Data extract:
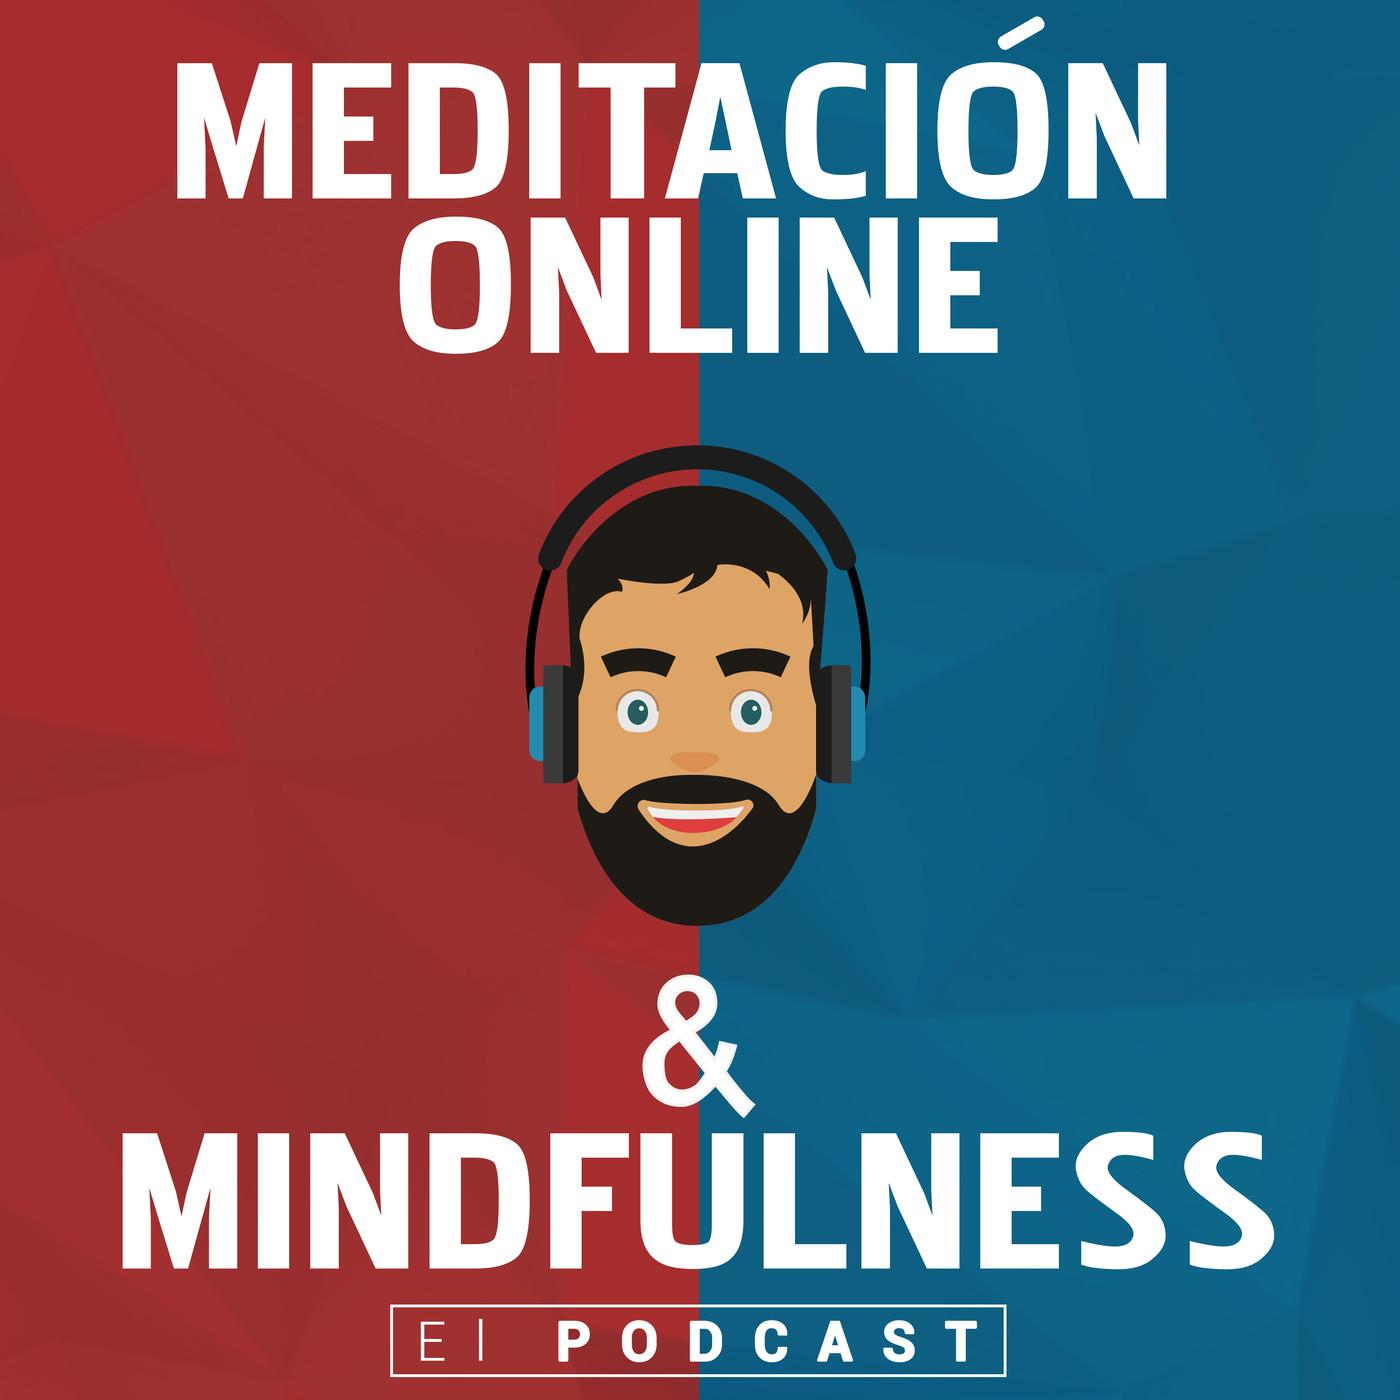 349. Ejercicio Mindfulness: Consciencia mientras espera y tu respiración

---

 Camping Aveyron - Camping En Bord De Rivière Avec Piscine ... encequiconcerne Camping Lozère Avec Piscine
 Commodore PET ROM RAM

...

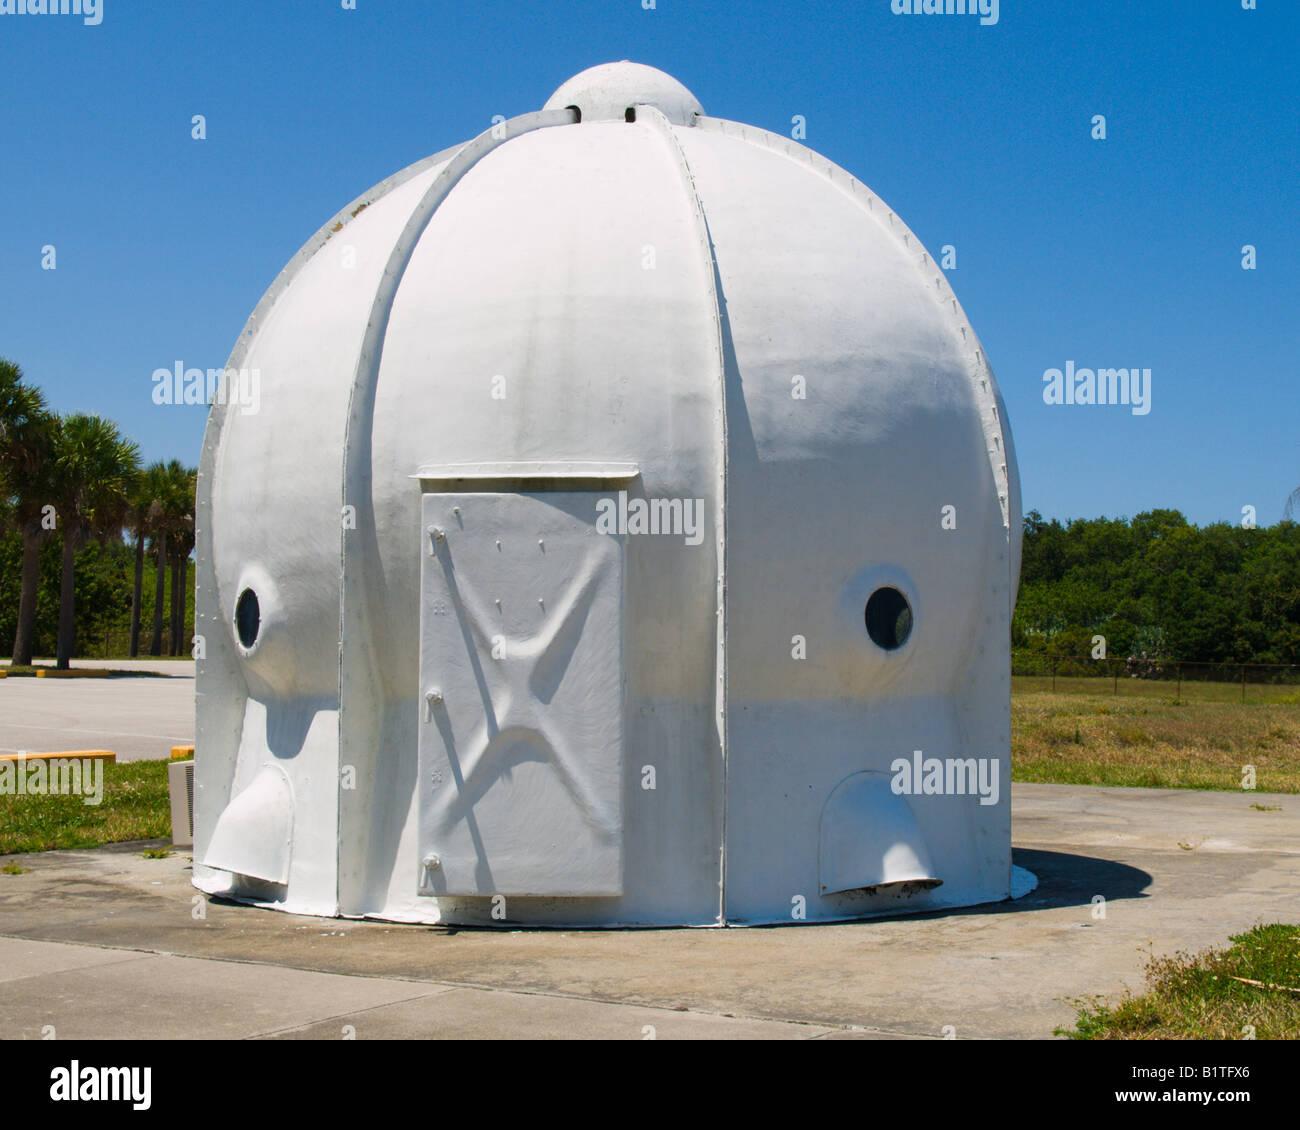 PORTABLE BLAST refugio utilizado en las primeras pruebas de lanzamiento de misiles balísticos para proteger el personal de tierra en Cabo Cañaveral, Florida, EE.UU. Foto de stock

Assignment: Your answer should consist solely of the lines above from the line with "Camping Aveyron - Camping" to the line with "Commodore PET ROM RAM", both included, reproduced exactly.

The completed task:
 Camping Aveyron - Camping En Bord De Rivière Avec Piscine ... encequiconcerne Camping Lozère Avec Piscine
 Commodore PET ROM RAM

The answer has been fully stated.